Valon closes on $50M a16z-led Series A to grow mobile-first mortgage servicing platform – TechCrunch

If you have ever applied for a mortgage, you know that it is one of the most painful processes. Keeping up with payments and dealing with customer service during a loan is not a picnic.

So it is no surprise that big bucks are being put into space with the goal of making this process easier, more digital and more transparent.

As a result, Vallon, A tech-enabled mortgage servant, announced this morning that it had raised $ 50 million in a series of funding rounds – one even larger than today’s standards.

Andreessen Horowitz (A16Z) led the round for the New York-based company, formerly known as Peach Street. Returning Jefferies Financial Group, New Residential Investment Corporation – an affiliate of Fortress Investment Group LLC – and 166 2 LLC also participated in the financing.

Valon first raised $ 3.2 million from seed investors such as series entrepreneur Kevin Ryan’s Glee Corp, Soros, Kairos and Zig Capital.

Andrew Wang, Eric Chiang and John Hsu saw Valon’s establishment in June 2019 with “the largest mortgage servicing software company” (software giant Black Knight) controlling half of what it sees as a “monopoly in the market”. Of all US residential loans.

“We’ve had a mortgage foreclosure crisis comparable to 2008, and the majority of homeowners struggling to make their debt payments are unaware of their options,” said Valon CEO Wang. “This Struggle has raised servicing costs by about 250% over the past decade, and the fees are paid directly to the borrower.”

With the increase, Wallon recently received the green light from Fannie Mae to service government sponsored home loans. (For the most part, servicing debt means doing things like collecting payments on behalf of the lender). According to Wang the approval will only continue to promote Wallon’s rapid growth.

“We did not go through a $ 10 billion contract of mortgages committed to service in a year,” said TechCrunch.

Wallon operates in 49 states, and hopes to add New York this year.

As a former investor in the mortgage servicing space, Wang was disappointed by the “lack of service” provided by other servants. So he teamed up with Chiang and Hu, who already had product and engineering experience at Google and Twilio to launch Velon.

The company’s cloud-native platform aims to describe it as a borrower-oriented experience. Lenders can request access to real-time API data feeds to view their borrowers’ performance and aggregate transaction data.

Unlike mortgage promoters, who lend money to the borrower, a mortgage servicer interferes with the borrower for the duration of their loan – and it can be anywhere from 15 to 30 years.

“This includes things like collecting payments on behalf of the lender and providing assistance and guidance to the borrower in moments of stress,” Wang said. “Traditional mortgage officers use athletic technology and provide poor service to borrowers. Wallon wants to change that dynamic by providing transparency and full self-service capabilities to homeownerss.

The company also claims that its technology has the potential to reduce mortgage servicing costs by up to 50% by integrating the entire process. The company said that its platform is built on the Google Cloud as a “first-principles”, with features such as default encryption and intrusion detection.

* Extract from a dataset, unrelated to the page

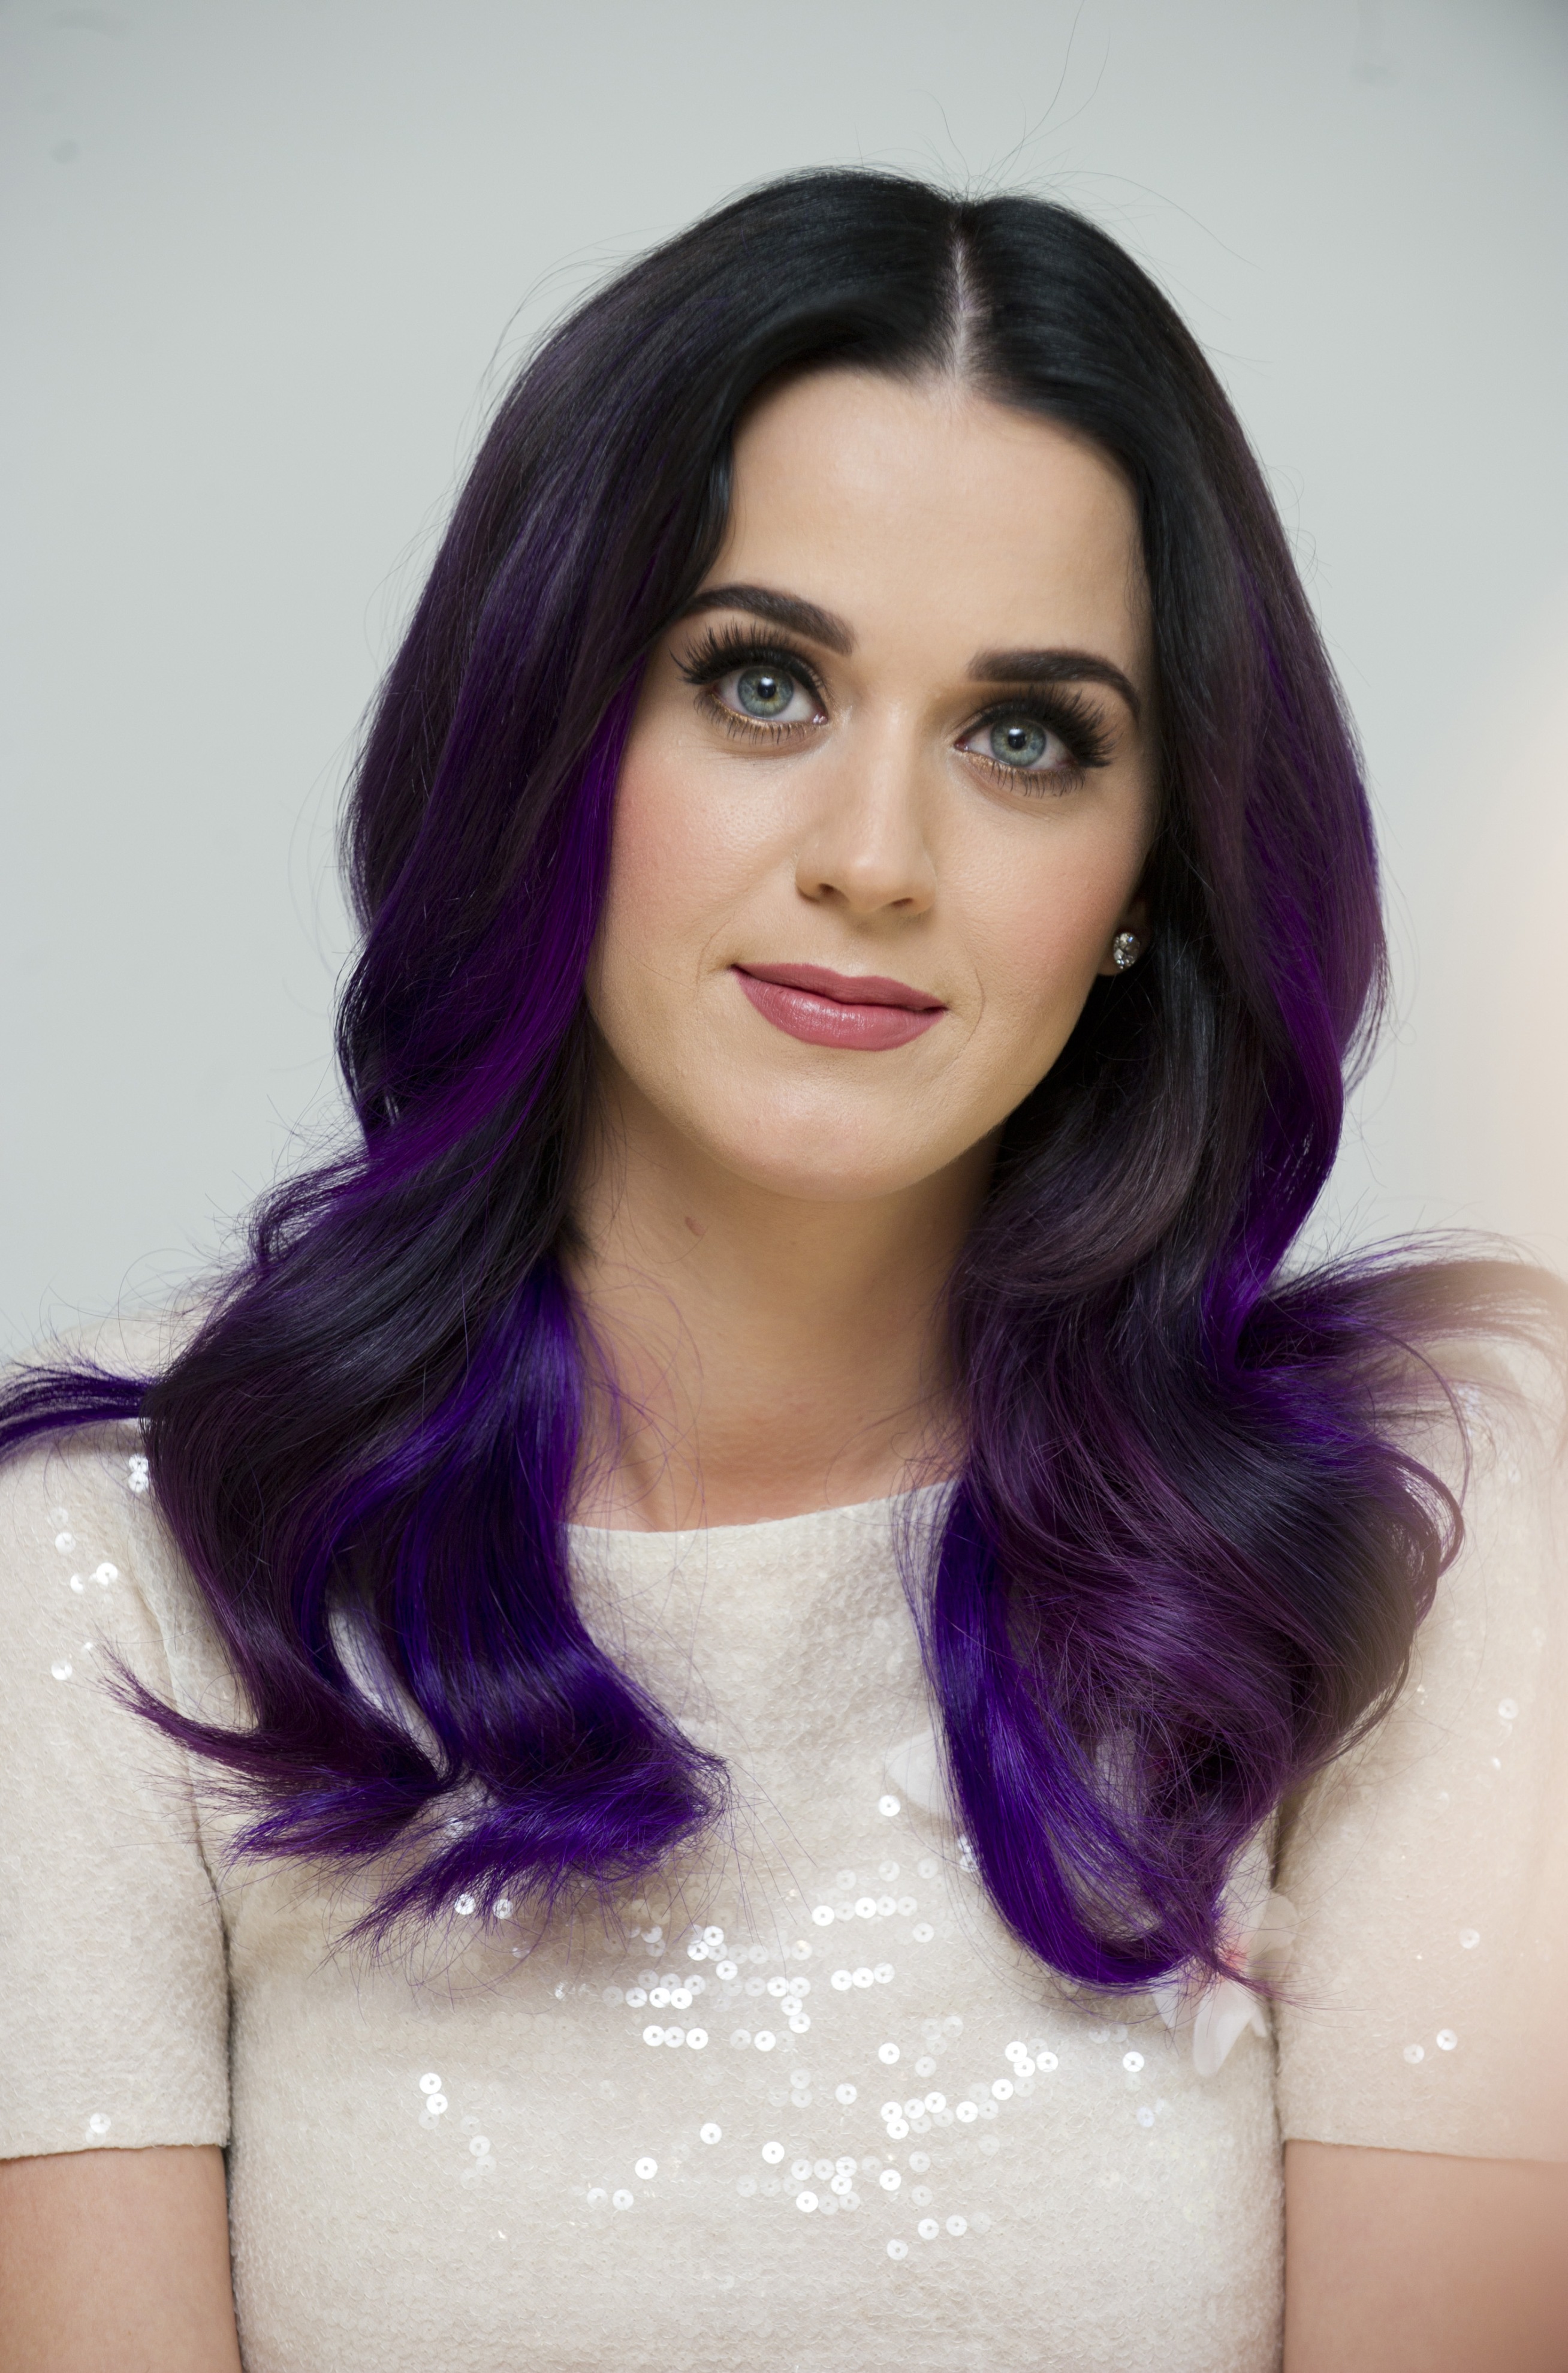 Katy Perry photo 1553 of 2548 pics, wallpaper - photo #503880 - ThePlace2

Millions of americans Stopped paying their mortgage Due to the economic stress of the coronovirus epidemic in 2020. This led to requests for forbearance (postponement of payments) and withholding of foreclosure.

“The epidemic exposed tensions in the market and intensified the need for a new-age mortgage servant,” Wang said. “Householders faced a great deal of financial stress and had difficulty getting the right options and assistance from existing employees, because of their ancient technology and inability to process requests … In 2021 we will see that foreboding and foreclosure leniency will end And this need will be even faster. “

Angela Strange, A general partner of Andreessen Horowitz, who joined Wallon’s board in mid-2020, says Wallon has built a mobile-first mortgage servicer from the ground up.

“Householders face clumsy websites, call centers and often misinformation,” she said in a written statement. “At Wallon, they have a reliable software-driven consultant who can provide clear, transparent, regulatory compliance information in good and bad times – without picking up the phone.”

He said that Fannie Mei approval only serves as a validation of the platform that the team has built.

Valon plans to use its new capital to acquire more Mortgage Servicing Rights (MSR) contracts by the end of the 100 years about triple headcount to be serviced as well.